Sommige inwoners vonden dat we het goed hadden gedaan, anderen waren boos. We kregen vragen van mensen van wie de computer het niet meer deed en of dat door het datalek kwam. Iemand kwam voor een grote groep bewoners nieuwe paspoorten aanvragen. Eenzelfde brief kan op heel veel manieren gelezen worden, zo blijkt. Wat echt heel vervelend was, voor ons maar met name voor de inwoners waar het om ging, was dat er ook brieven waren geadresseerd aan mensen die overleden waren.
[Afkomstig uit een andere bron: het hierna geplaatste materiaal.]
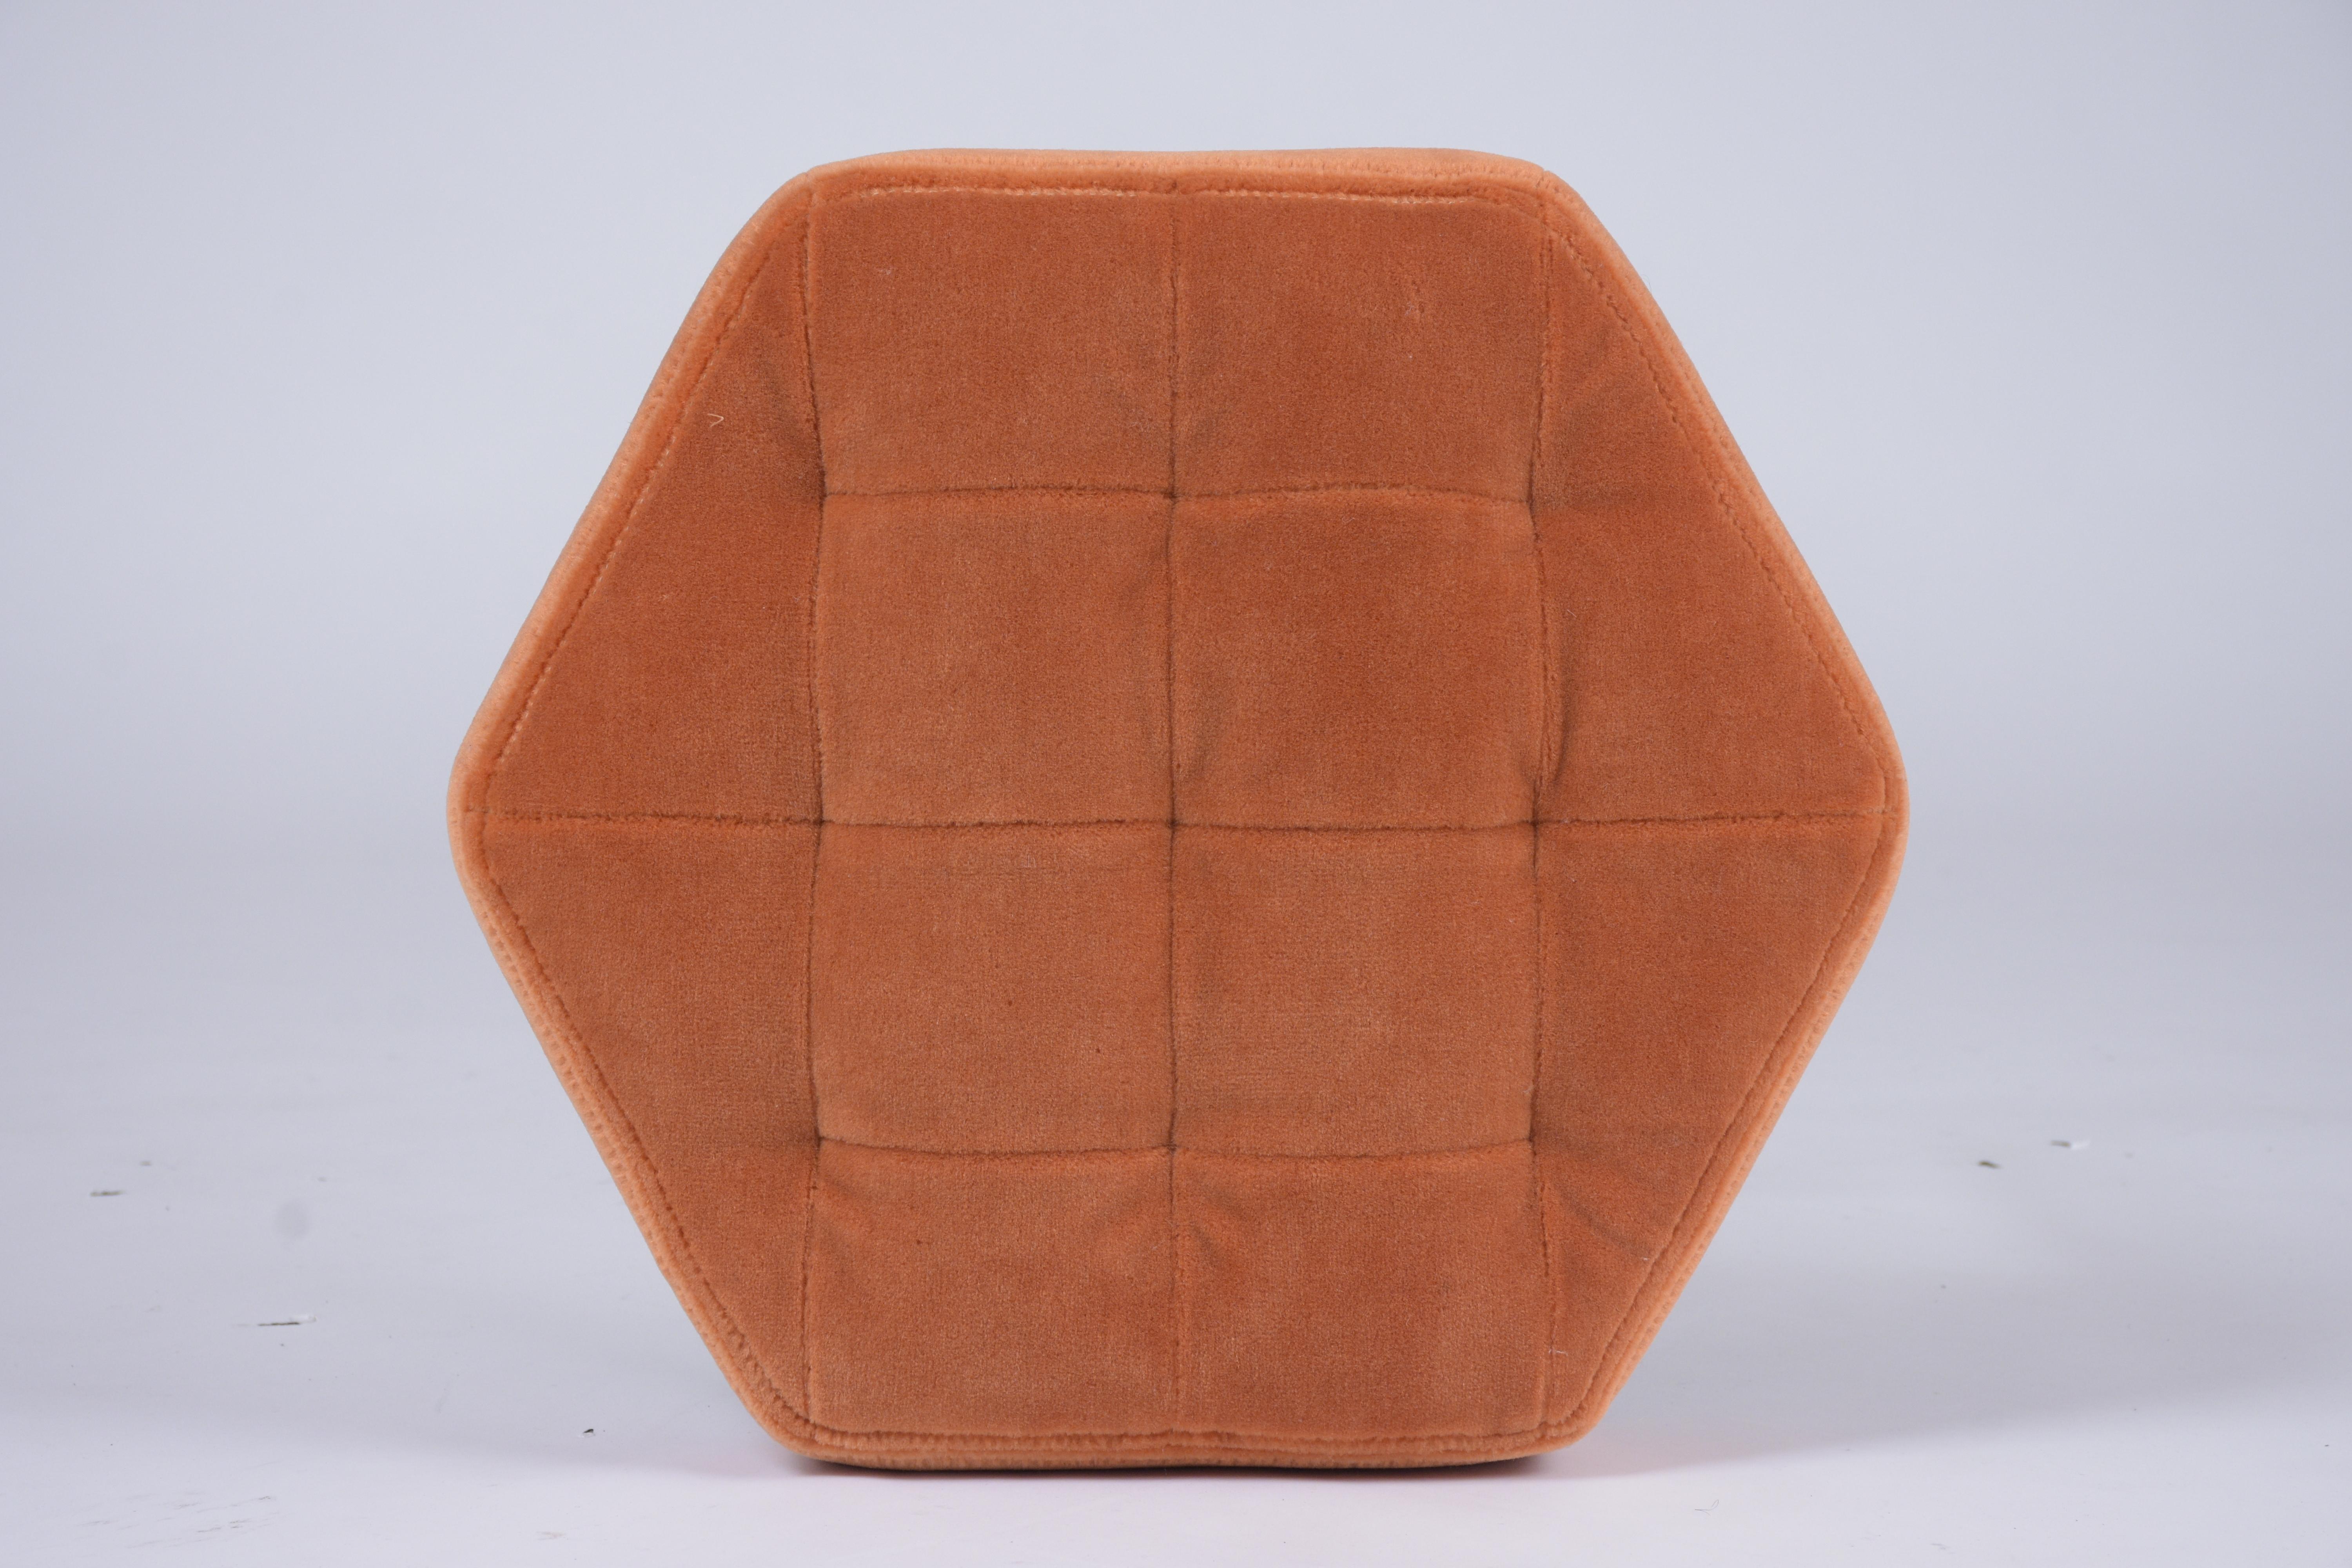 This vintage 1970s tufted stool is in great condition, has a solid brass frame and has been newly upholstered in an orange velvet mohair fabric. The stool features a new tufted upholstered hexagon seat cushion with topstitch and single piping

Die gegevens hadden in het bestand gestaan, omdat ook historische data waren gebruikt. We hadden de drukker nadrukkelijk verteld dat hij een vinkje moest aanzetten bij deze adressen, zodat de brief geadresseerd werd aan de nabestaanden. Ook zij moesten op de hoogte worden gebracht, want identiteitsfraude met gegevens van overledenen komt voor. De drukker was echter vergeten dat vinkje aan te zetten. Veel boze reacties gingen hier over. Het leidde ook tot vragen in de raad. We hebben een nieuwe brief gestuurd aan deze groep, ondertekend door de burgemeester en met onze excuses.
Sinds het incident is er extra aandacht voor informatiebeveiliging, ook vanuit de gemeenteraad. Een raadslid is zeer betrokken bij het onderwerp. Ze vroeg een interpellatiedebat aan en diende een motie in voor meer aandacht voor informatieveiligheid. Deze werd breed gedragen. De eisen aan gemeenten op het gebied van informatieveiligheid en privacy zijn hoog, daarvoor maken we de komende jaren geld vrij in onze begroting. We onderzoeken hoe we de rol van functionaris gegevensbescherming eventueel samen met andere gemeenten kunnen invullen. Het helpt ons zeker dat de gemeenteraad dit onderwerp belangrijk vindt. In die zin zet een incident iedereen op scherp.

Crisismanagement
Er wordt vaak gedacht dat crisismanagement gaat over een grote brand of ongeluk, maar hiervoor geldt het ook. We hebben de bestaande crisisstructuur gebruikt, met een kernteam dat enkele keren per dag bij elkaar kwam en snelle beslissingen nam. De hiërarchie was duidelijk, iedereen had zijn rol en naar iedereen werd geluisterd. We doen al jaren crisis- en rampenoefeningen en dit is de eerste keer dat we het zo lang en intensief hebben toegepast. In de praktijk blijkt het anders dan de theorie. Je neemt beslissingen op grond van onvolledige informatie en er er zijn onvoorziene omstandigheden waar je snel op moet reageren.
Zouden we het weer op deze manier aanpakken? Ja. Het besluit om 21.000 inwoners in te lichten heeft ons veel tijd gekost, maar het hoort bij onze rol en verantwoordelijkheid als overheid om mensen goed in te lichten. Het punt is: je weet nooit of je het goed doet. Dan is het belangrijk dat je werkt volgens je eigen principes. En dat je het proces zorgvuldig doorloopt, met een doordacht communicatie-advies en goedkeuring van het college. Tot nog toe is niet bekend dat er schade is, er zijn geen gevallen van identiteitsfraude die te herleiden zijn tot de zoekgeraakte laptop. Maar je weet dat nooit zeker. Wij hebben onze communicatie over dit datalek in ieder geval zorgvuldig gedaan.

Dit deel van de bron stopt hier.